Subepithelial lesions are relatively uncommon tumors of the gastrointestinal tract. An endosonographic evaluation allows differentiation of extrinsic lesions from intramural lesions, identification of the originating layer, characterization of echo features, and tissue acquisition to reach an accurate diagnosis. In clinical practice, cytological and immunocytochemical results determine the final diagnosis. Resection of a lesion is indicated when malignant or potentially malignant endosonographic and cytologic findings are identified. Identification of typical endosonographic benign features (e.g., vascular structures, cysts, and lipoma) obviates the need for tissue acquisition, follow-up, and resection.
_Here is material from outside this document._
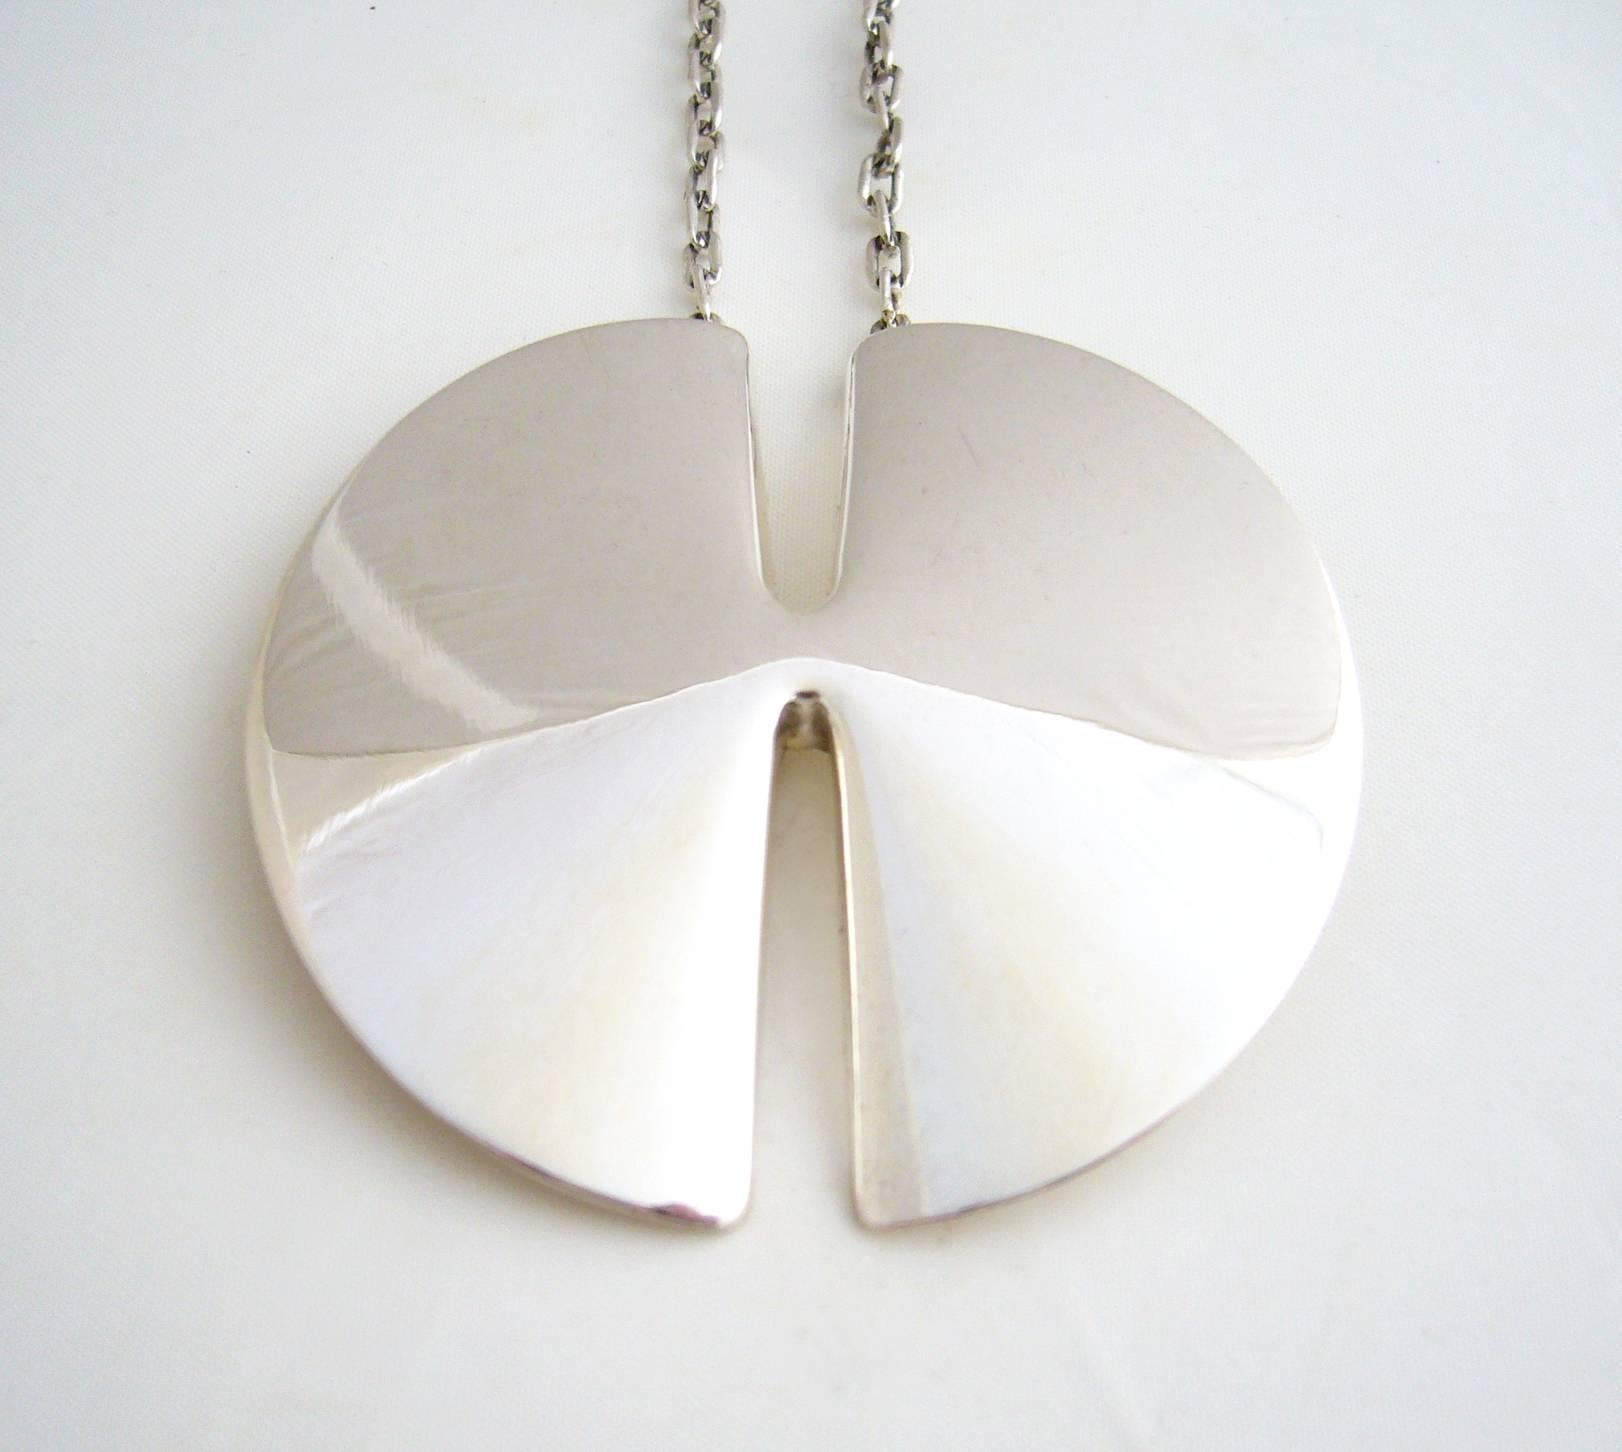 Sterling silver split disc necklace designed in 1958 by Nanna and Jorgen Ditzel for Georg Jensen.  Pendant measures 2.5

GISTs are the most common mesenchymal tumors of the gastrointestinal tract. They are encountered throughout the gastrointestinal tract, the stomach being the most common location (9). Autopsy and post-gastrectomy series for gastric cancer revealed a high frequency (22.5%–35%) of subcentimeter GISTs in the stomach (10–11). Although all GISTs are considered to have some degree of malignant potential, approximately 20%–25% of gastric and 40%–50% of small intestinal stromal tumors are clinically malignant (12). The annual incidence of new cases of GIST is roughly 10–20 cases per million persons; however, most small gastric stromal tumors are likely clinically silent (13–15).
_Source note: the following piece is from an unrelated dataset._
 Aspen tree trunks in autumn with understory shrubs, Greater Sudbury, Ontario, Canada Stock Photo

The management of SELs and GISTs is evolving. The AGA Institute technical review recommended a follow-up by EUS or endoscopy at regular intervals for gastric SELs <3 cm without concerning endosonographic features (3). More recently, the national comprehensive cancer network recommended surgical resection of GISTs >2 cm because of their malignant potential (16). According to recent guidelines, small gastric SELs without high-risk features can be periodically followed by endosonography (16–19).

Endosonographic imaging features have been evaluated to predict the malignant potential. The predictive value of endosonographic features for malignancy were assessed in 56 histologically proven cases; irregular extraluminal margins, cystic spaces, and lymph nodes with a malignant pattern were found to be predictive of malignancy (20). The presence of at least one of these criteria had 91% sensitivity, 88% specificity, and 83% positive predictive value. In another study, GISTs with mucosal ulceration, irregular borders, non-oval shape, and tumor size >3 cm were identified as high-risk features for malignancy (21). Even though echo features, as well as the cytological examination of the EUS-FNA samples, provide important diagnostic and prognostic information, reliable categorization of GISTs for malignant potential requires histologic evaluation of a resected specimen to determine the mitotic index.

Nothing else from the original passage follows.